Set the data down again, exactly as it reads, but without the pictures.

=== Data below ===

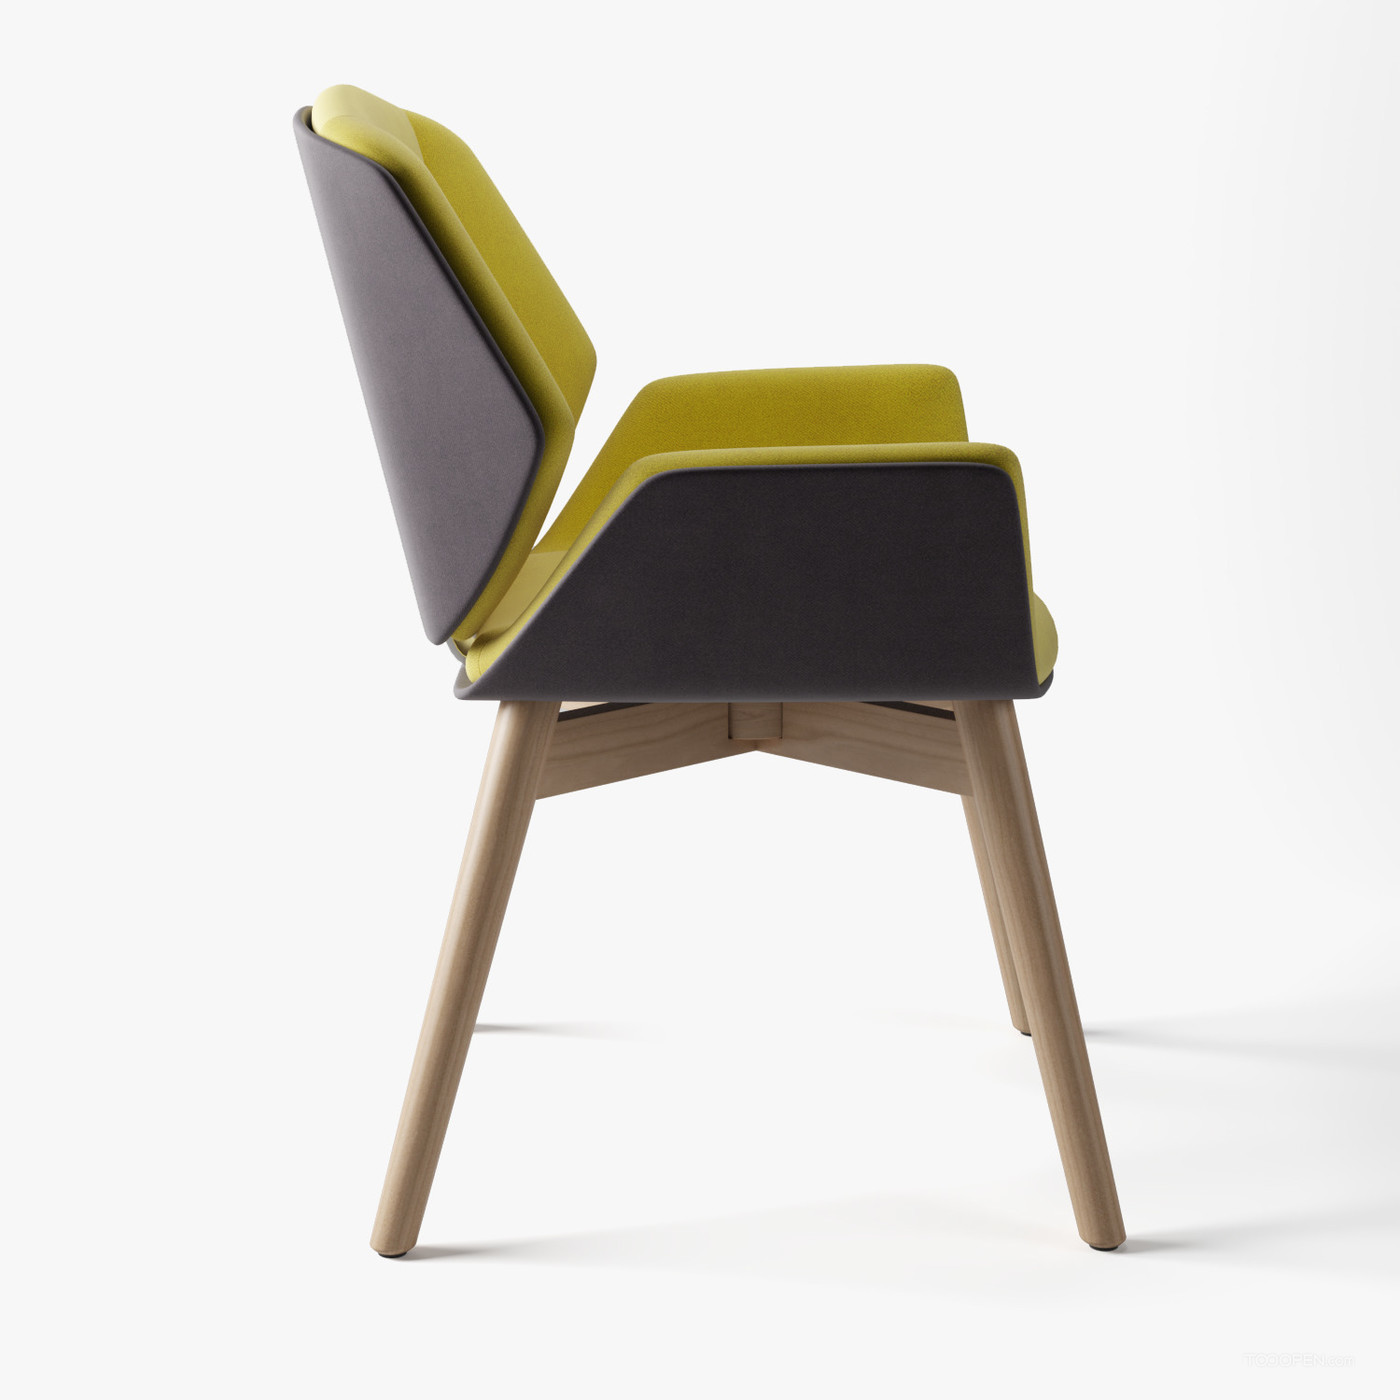 时尚简约风格的椅子家具设计欣赏-05
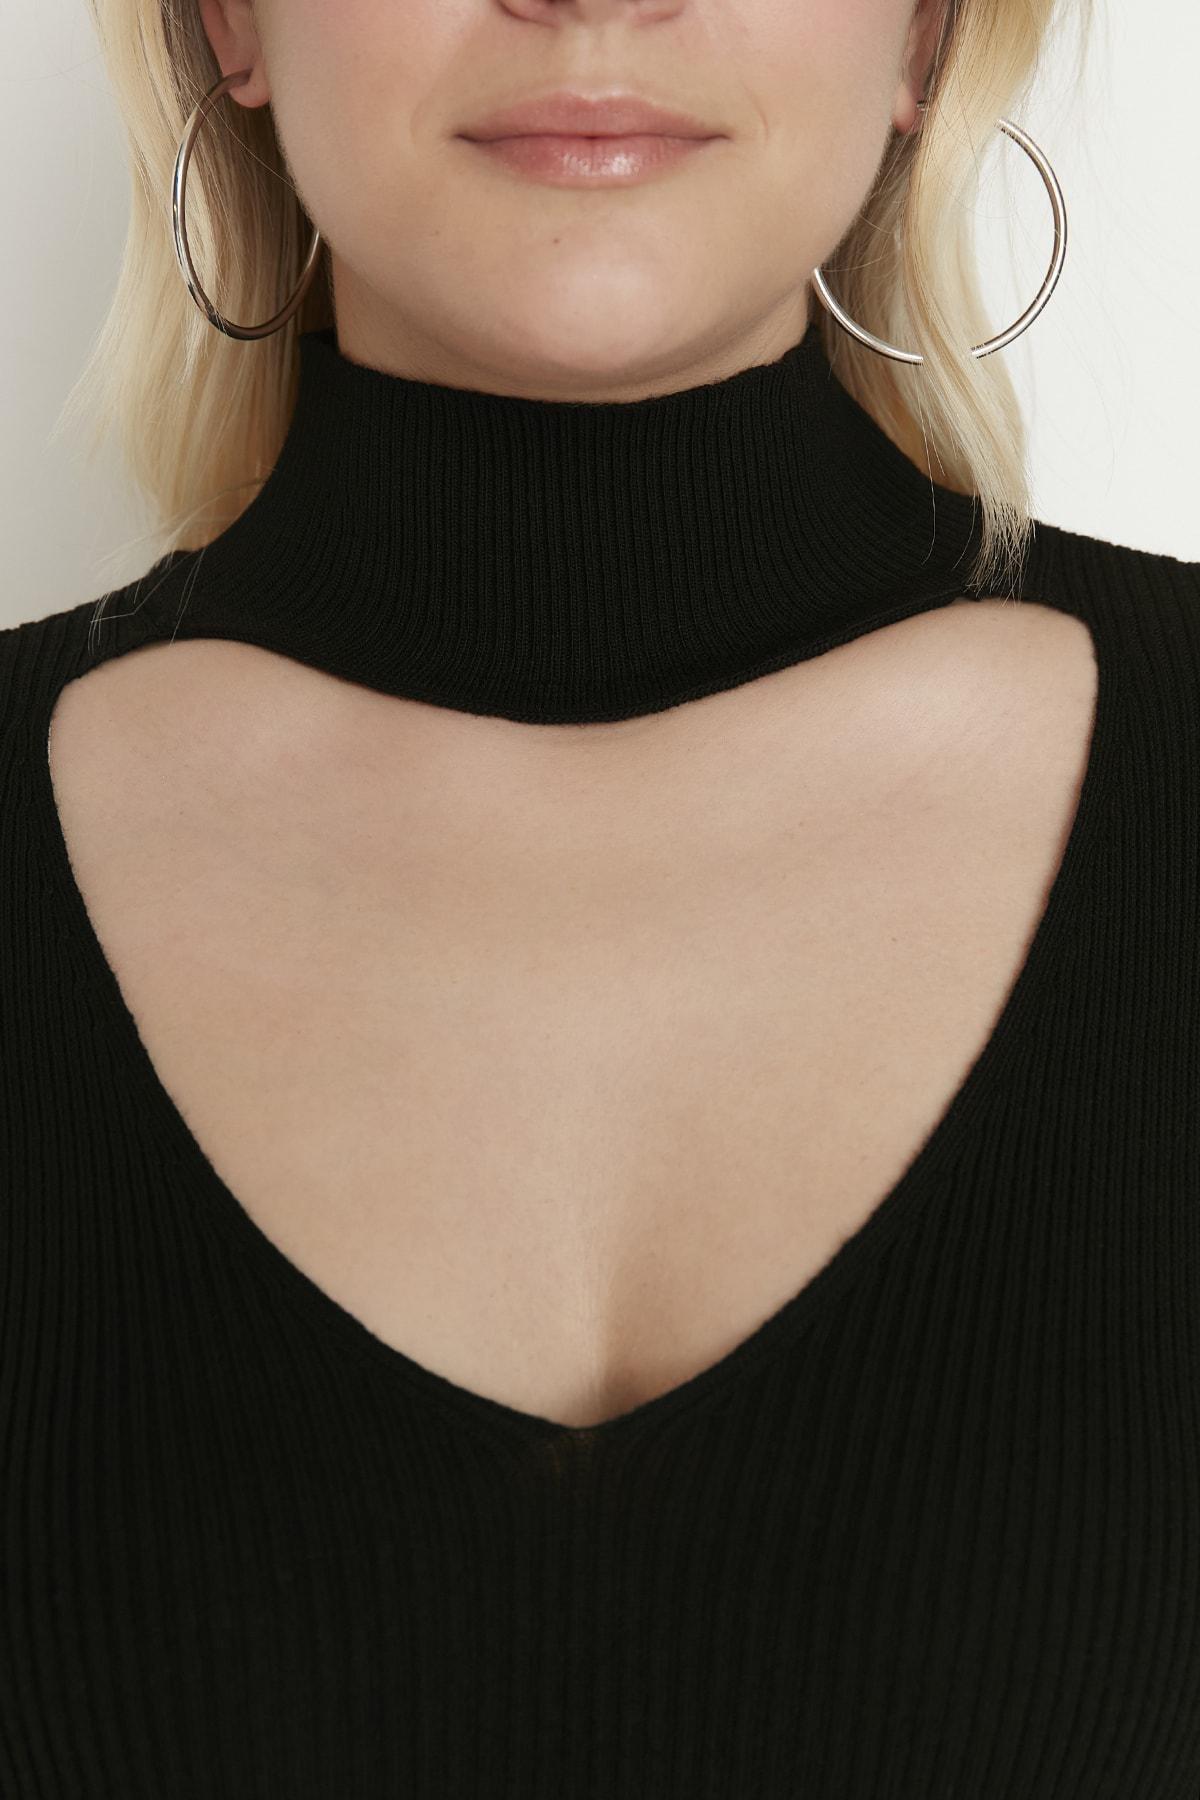 Trendyol - Black Crew Neck Plus Size Sweater
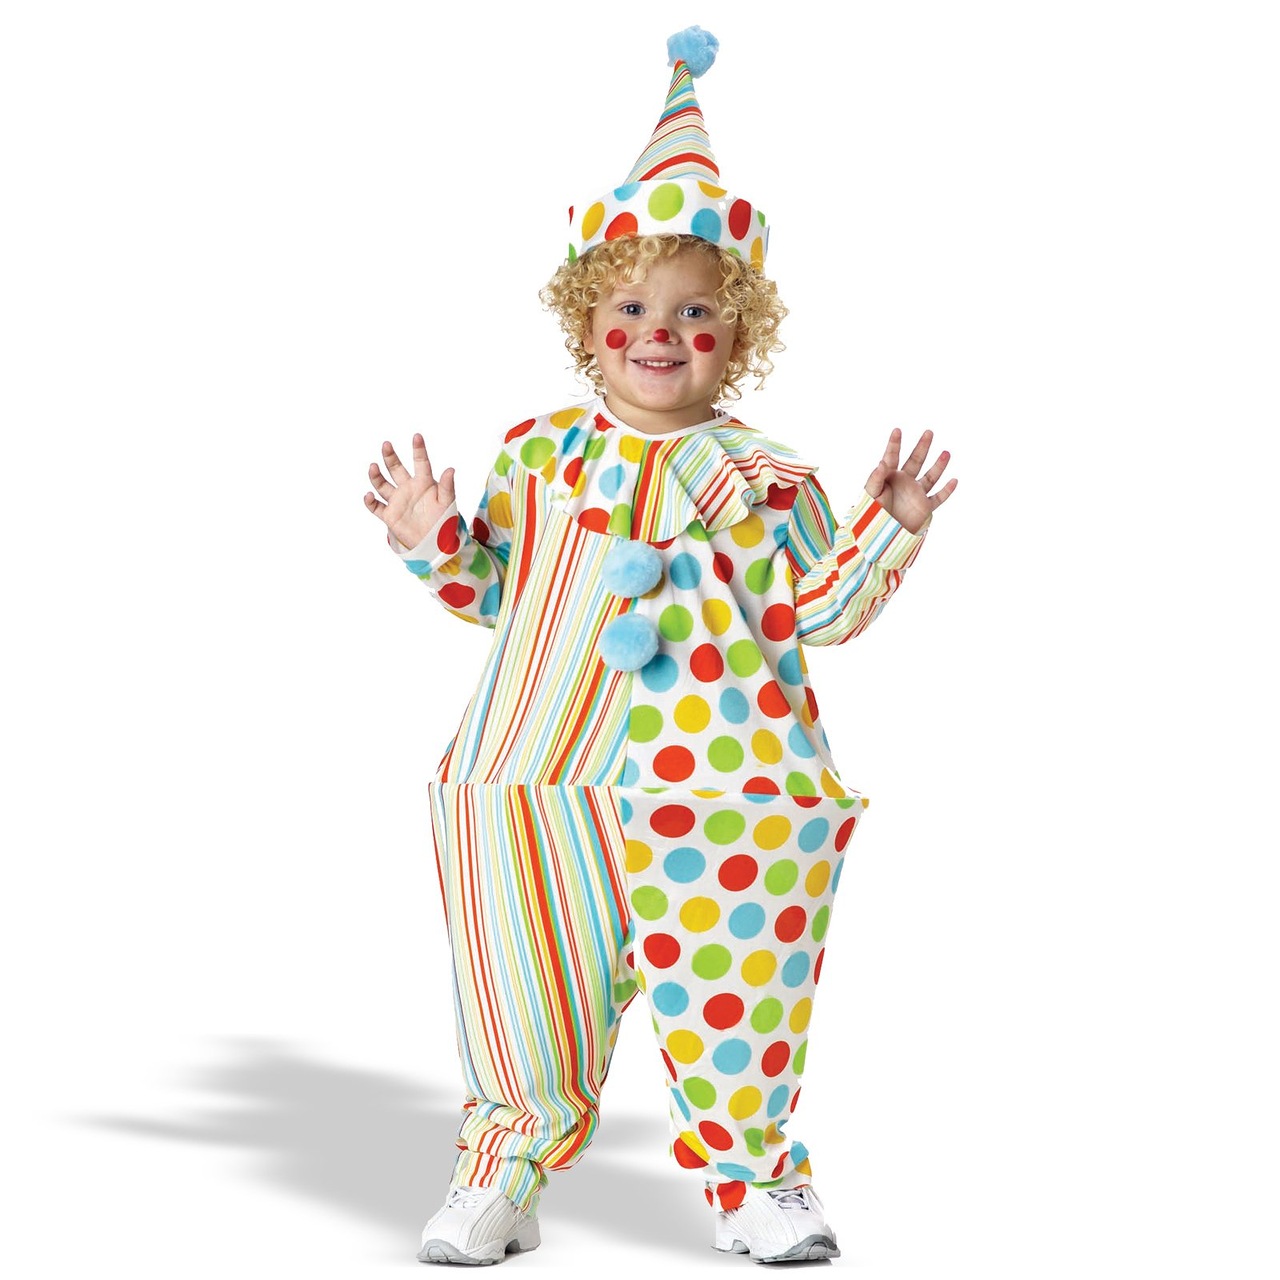 Костюм клоуна своими руками: пошаговая инструкция создания

===

• Output of the exercise
 时尚简约风格的椅子家具设计欣赏-05
 Trendyol - Black Crew Neck Plus Size Sweater
 Костюм клоуна своими руками: пошаговая инструкция создания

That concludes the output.